Design Principles (abridged)

#Principle
1Data recoverability & reproducibility (S3 = source of truth)
2Idempotent transforms (INSERT ... ON CONFLICT DO UPDATE)
3Multi-tenancy & client isolation (separate SQL Database schemas)
4Per-client customization (subclass overrides)
5Different input ERP data structures (client-specific transforms)
6Strong cohesion, loose coupling
7Maintainability & easy extensibility
8Data scientists work with Parquet
9DB-level domain constraints (lookup tables + FKs)
10Audit-proof configuration (append-only, versioned)
11Explicit naming (no abbreviations, x_ junctions)
12No cyclical data dependencies (strict DAG)
13Minimal nullable FKs (5 approved exceptions)
14No polymorphic tables (per-entity typed tables)
154NF: No bare string enums (FK to lookup tables)
16Cached columns with documented authority + staleness detection
17Structured over schemaless (JSONB only for dynamic data)
18Aggressive DB-level constraints (UNIQUE, NOT NULL, CHECK)
19Serialized pipeline execution (one run at a time per schema)
20No hard deletes on ERP-sourced entities (soft-delete only)
21Atomic pipeline steps (per-step transactions, rollback on failure)
22Date partitioning for time-series tables (monthly/quarterly)
23Dates client-local, timestamps UTC
24Data quality gating (hard gate before DB load)

Glossary

TermDefinition
Echelon A level in the supply chain hierarchy (Store → DC → Warehouse).

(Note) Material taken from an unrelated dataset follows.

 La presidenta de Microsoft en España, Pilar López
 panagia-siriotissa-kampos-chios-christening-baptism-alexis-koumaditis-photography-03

Each echelon has its own inventory strategies.
MEIO Multi-Echelon Inventory Optimization — coordinated inventory targets across the full supply chain.

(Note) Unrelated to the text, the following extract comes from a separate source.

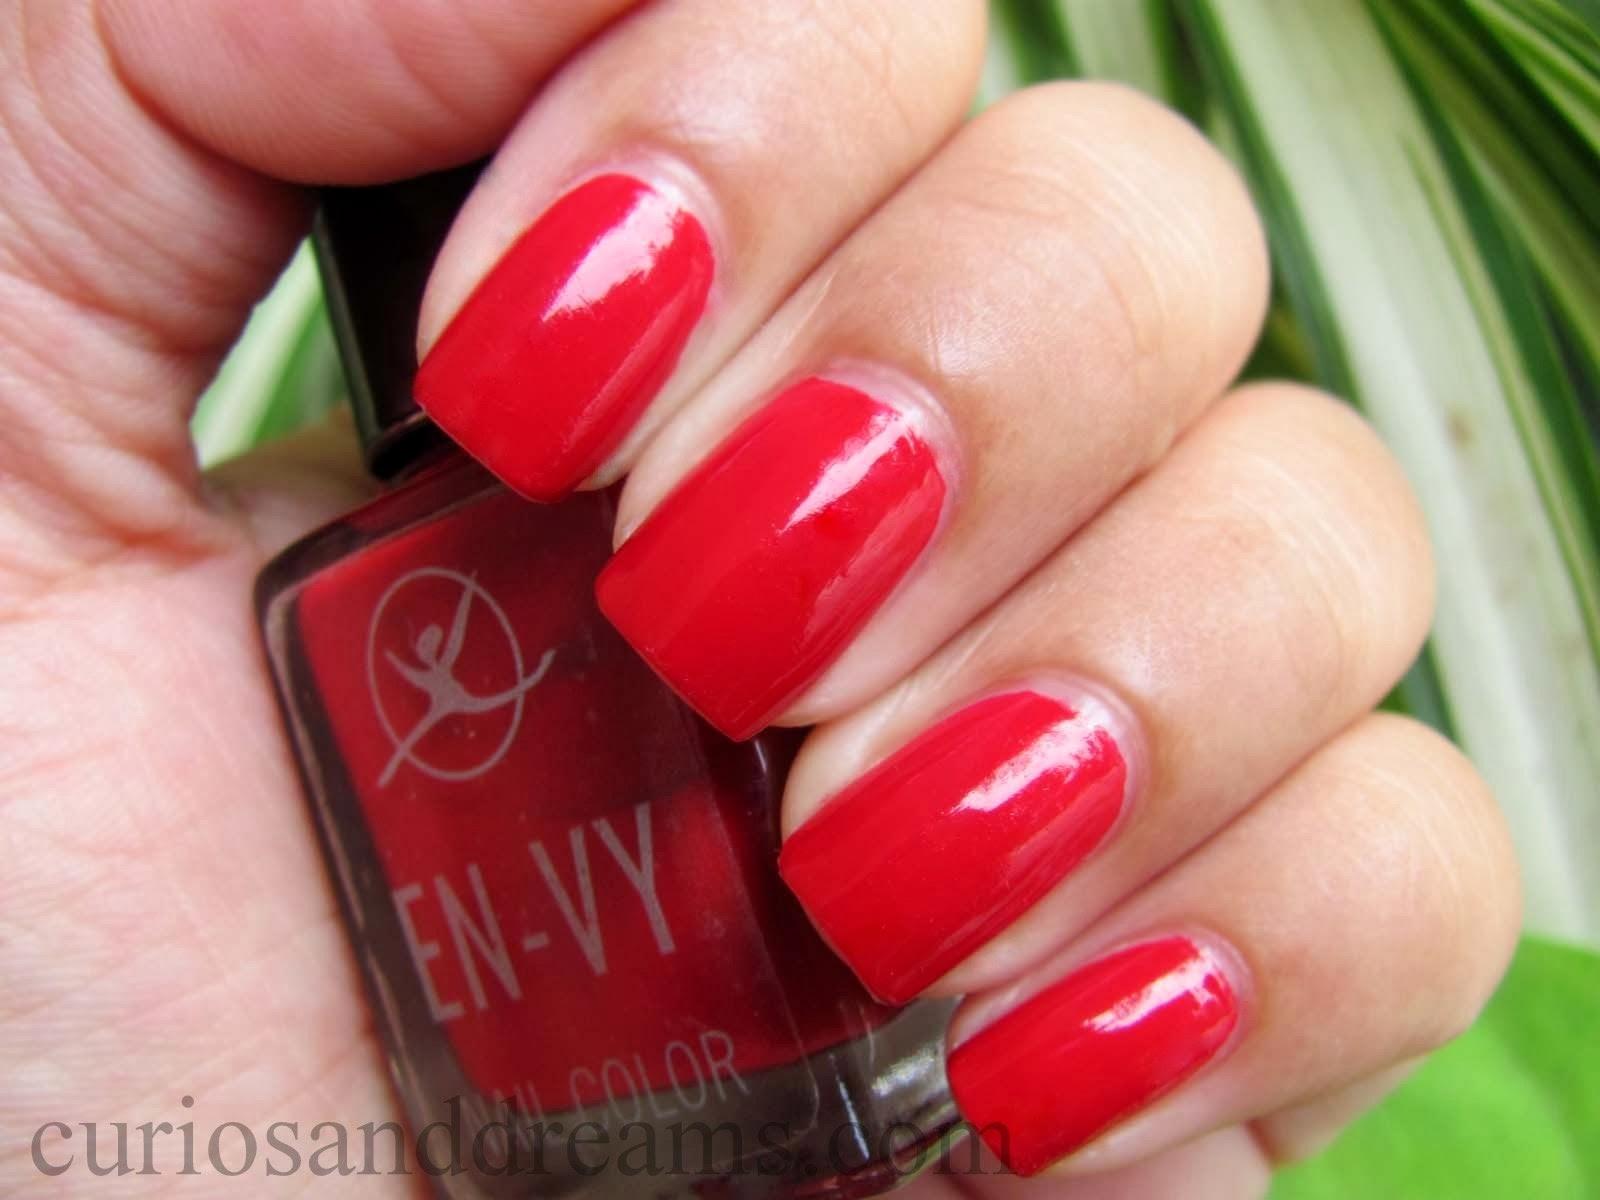 EN-VY Nail Color Ooh La La Red review, red nailpolish review

Newsvendor Single-period stochastic inventory model. Balances overage cost (Co) vs. underage cost (Cu) using critical ratio Cu/(Cu+Co).
FMR Fast / Medium / Rare — segmentation by % days with sales.

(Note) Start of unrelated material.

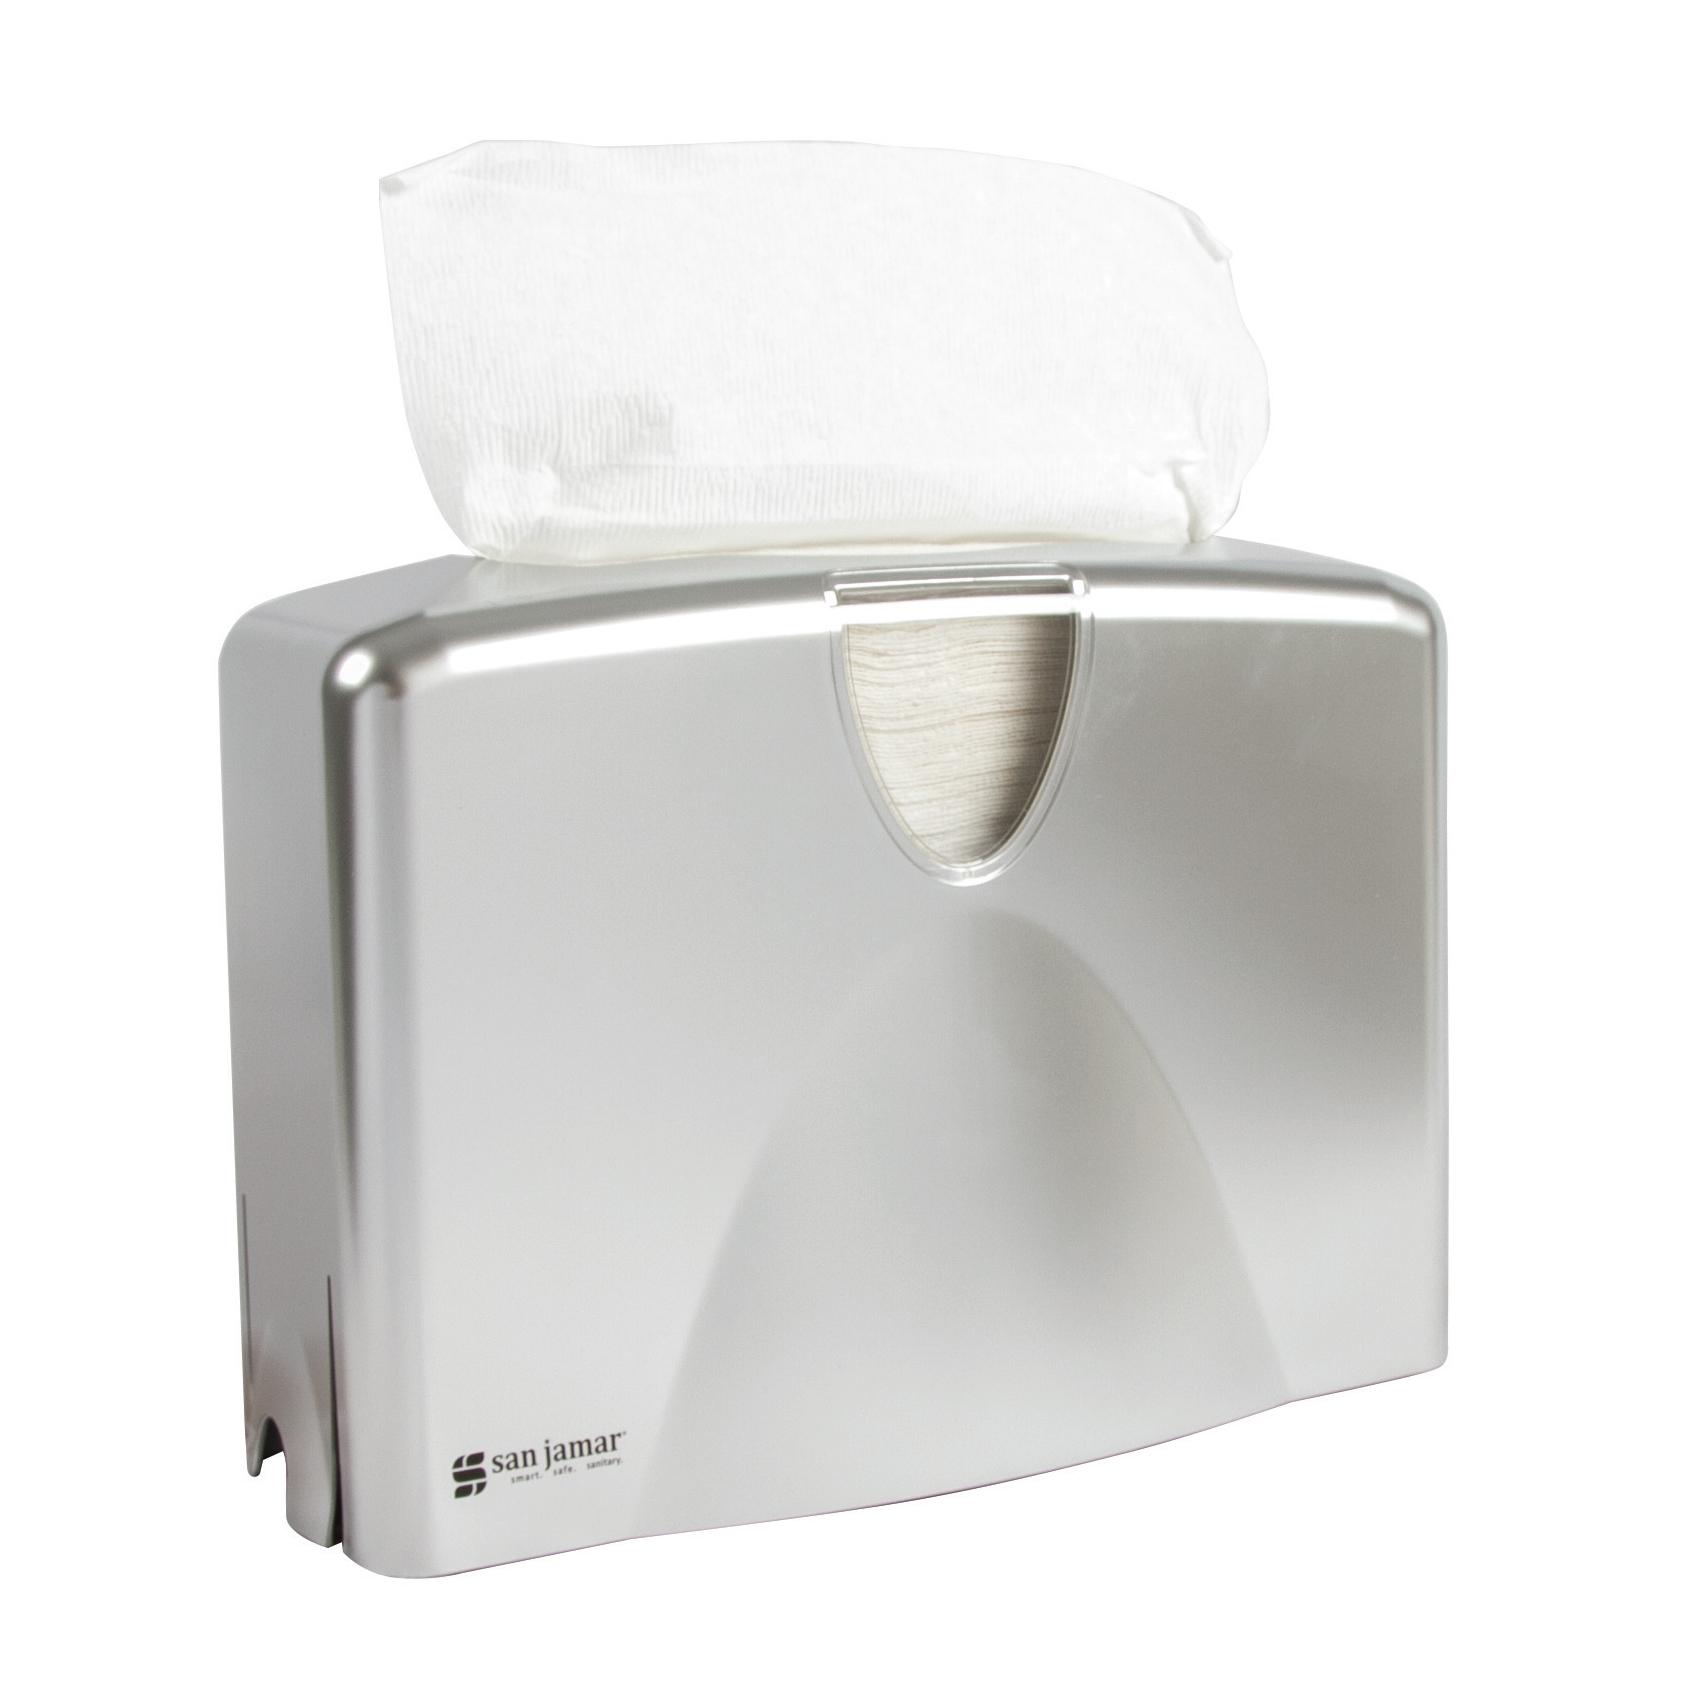 San Jamar T1740SS paper towel dispenser

ABC Pareto classification by cumulative revenue — A (top 80%), B (80–95%), C (95–100%).
XYZ Demand variability — X (CV ≤ 0.5), Y (CV ≤ 1.0), Z (CV > 1.0).
Hotness Score Composite 0–100 product ranking: velocity (0.25) + trend (0.15) + shelf (0.15) + margin (0.15) + volume (0.30).
Phase-out Score Algorithmic dead / declining product detection based on sales recency, velocity, and supplier availability.
Upsert INSERT ... ON CONFLICT DO UPDATE — idempotent write ensuring re-running a transform produces identical DB state.
UK UNIQUE constraint (single-column, marked in ERD column definitions).
Junction table Many-to-many cross table, prefixed with x_ (e.g. x_supplier_products).
CASCADE Impact severity: change propagates through 4+ pipeline steps, affects forecasts AND recommendations.
GATE Impact severity: binary on/off — includes or excludes an entity from the entire pipeline.
_stats schema Derivative statistics schema (e.g. cw_200_stats). Droppable and rebuildable from the core schema.
cw_global Shared reference schema for cross-client data: geography, currencies, users, client configuration.